**INFORMATION SHOWN**
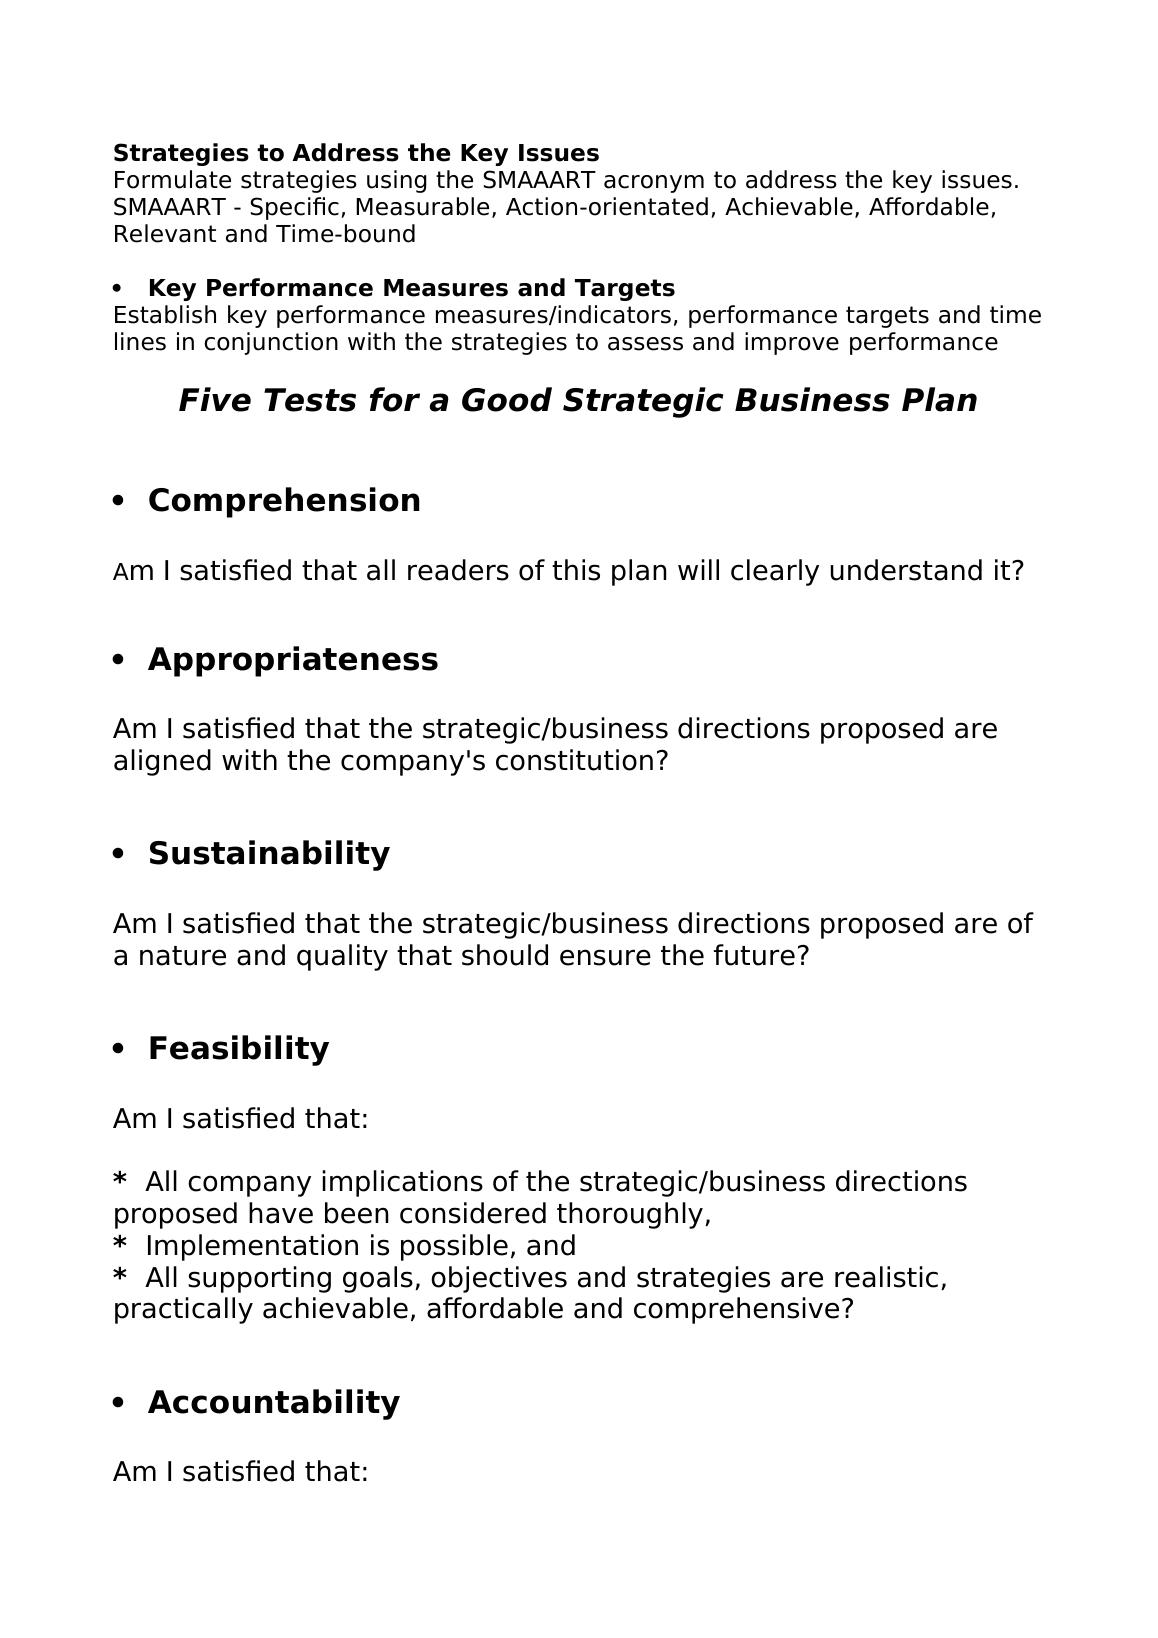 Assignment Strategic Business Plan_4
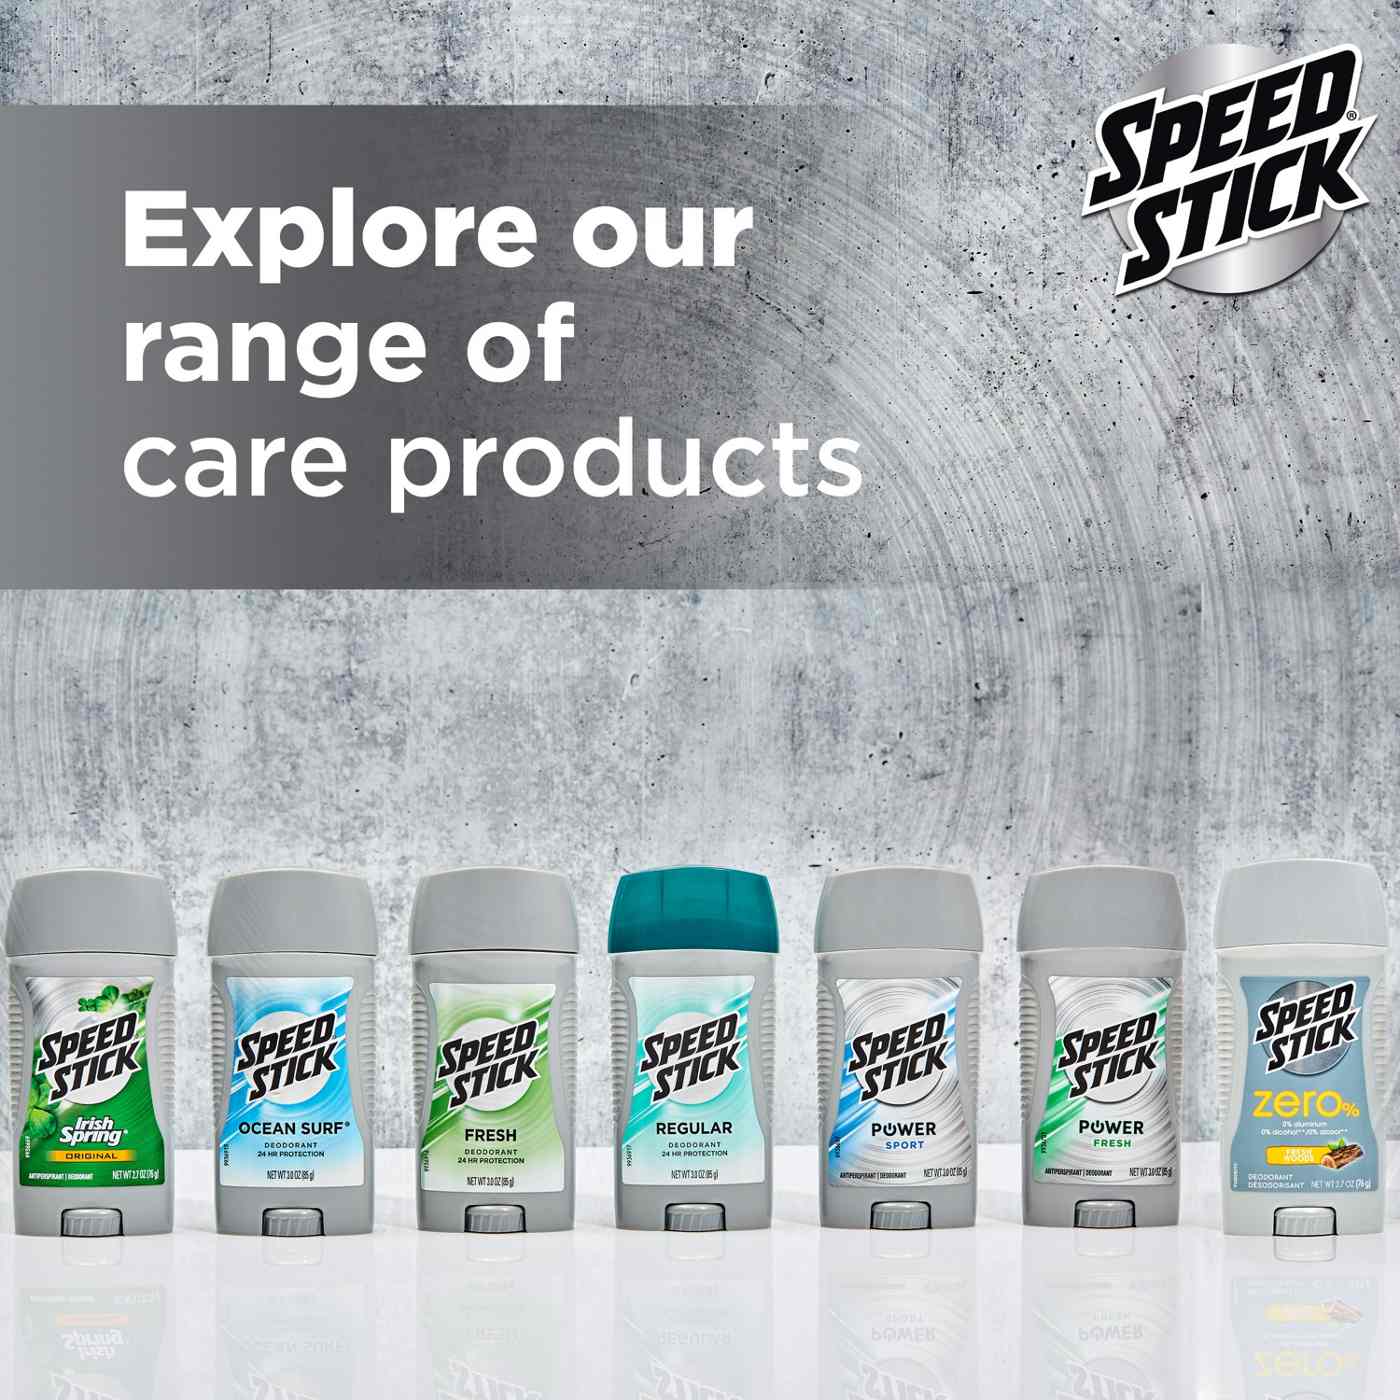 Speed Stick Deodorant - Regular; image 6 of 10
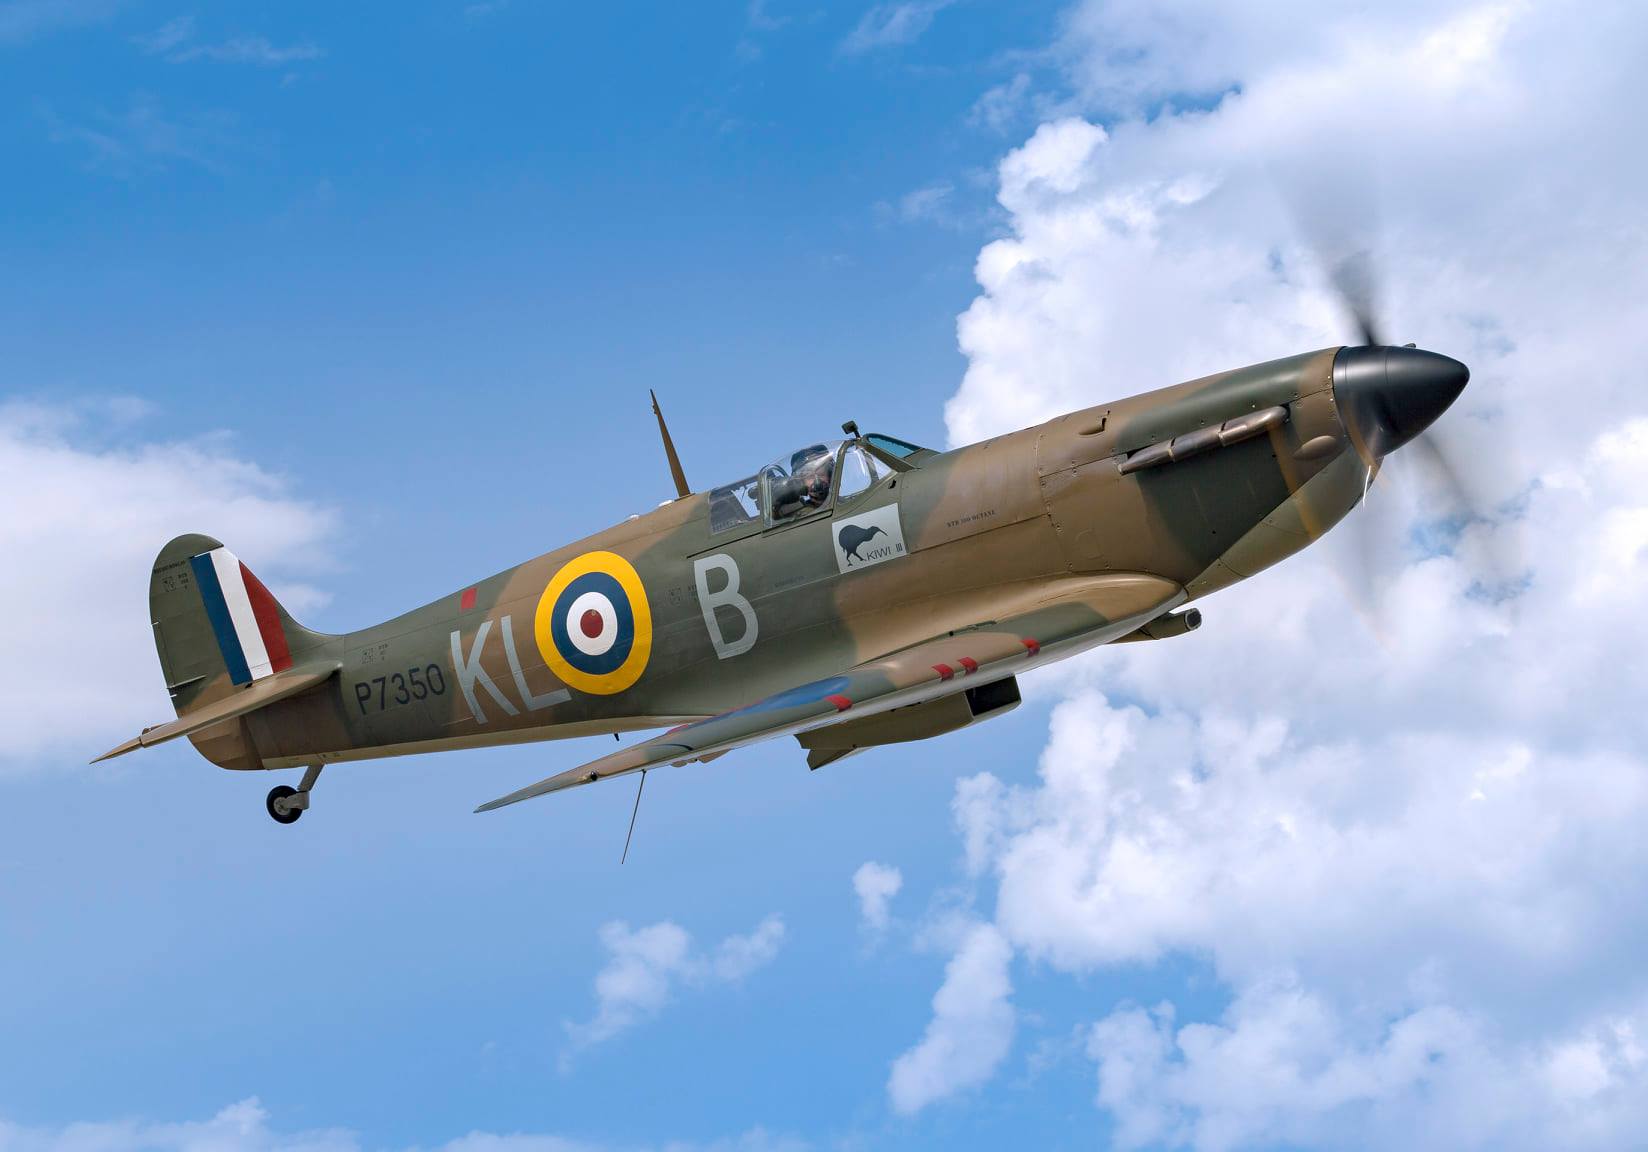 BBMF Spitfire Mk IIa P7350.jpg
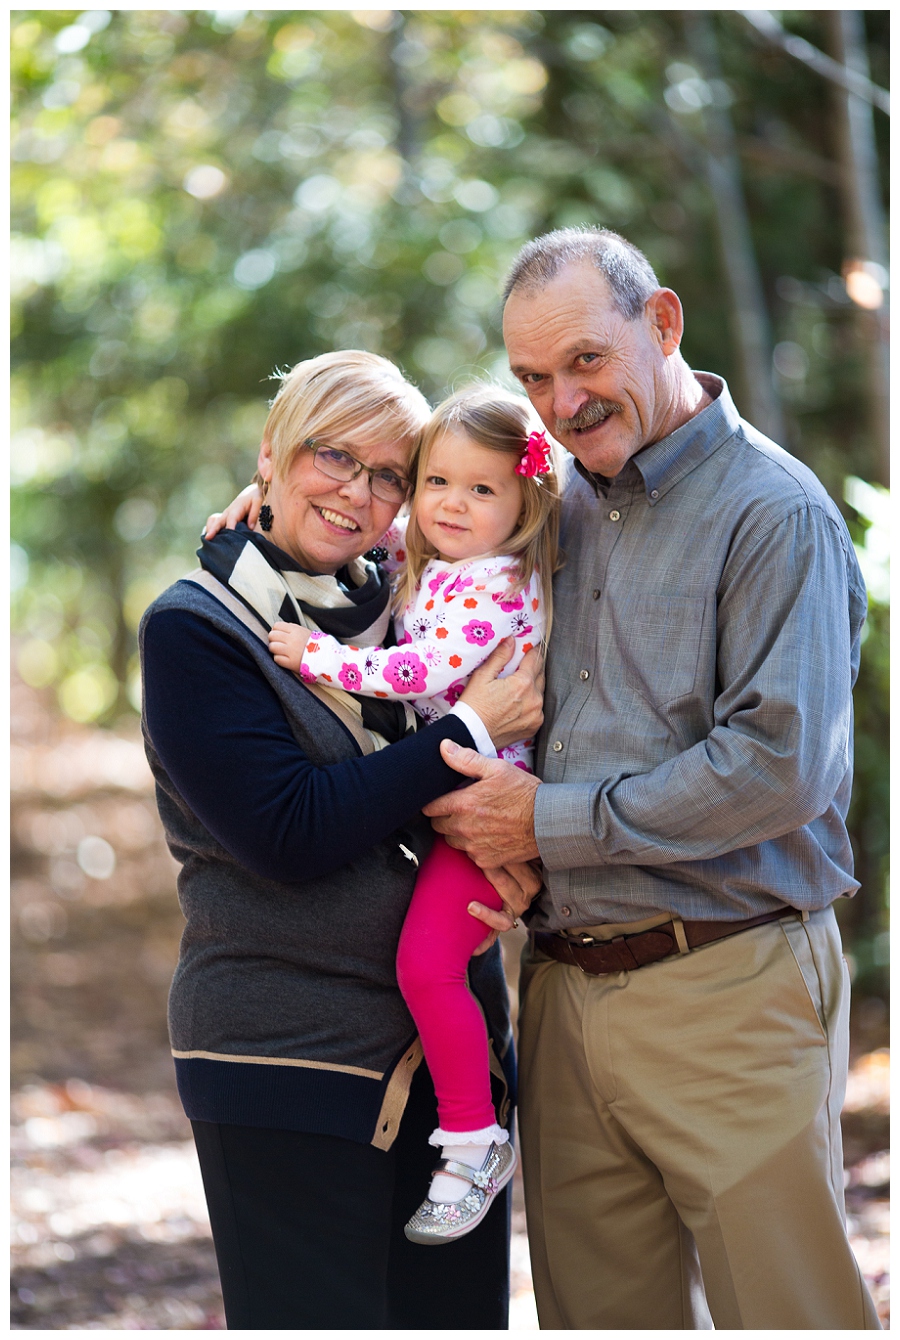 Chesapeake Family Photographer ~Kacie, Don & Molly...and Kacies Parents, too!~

**TASK TO CARRY OUT**
Reproduce the data above in full, exactly, with the images removed.

**RESULT OF THIS EXERCISE**
 Assignment Strategic Business Plan_4
 Speed Stick Deodorant - Regular; image 6 of 10
 BBMF Spitfire Mk IIa P7350.jpg
 Chesapeake Family Photographer ~Kacie, Don & Molly...and Kacies Parents, too!~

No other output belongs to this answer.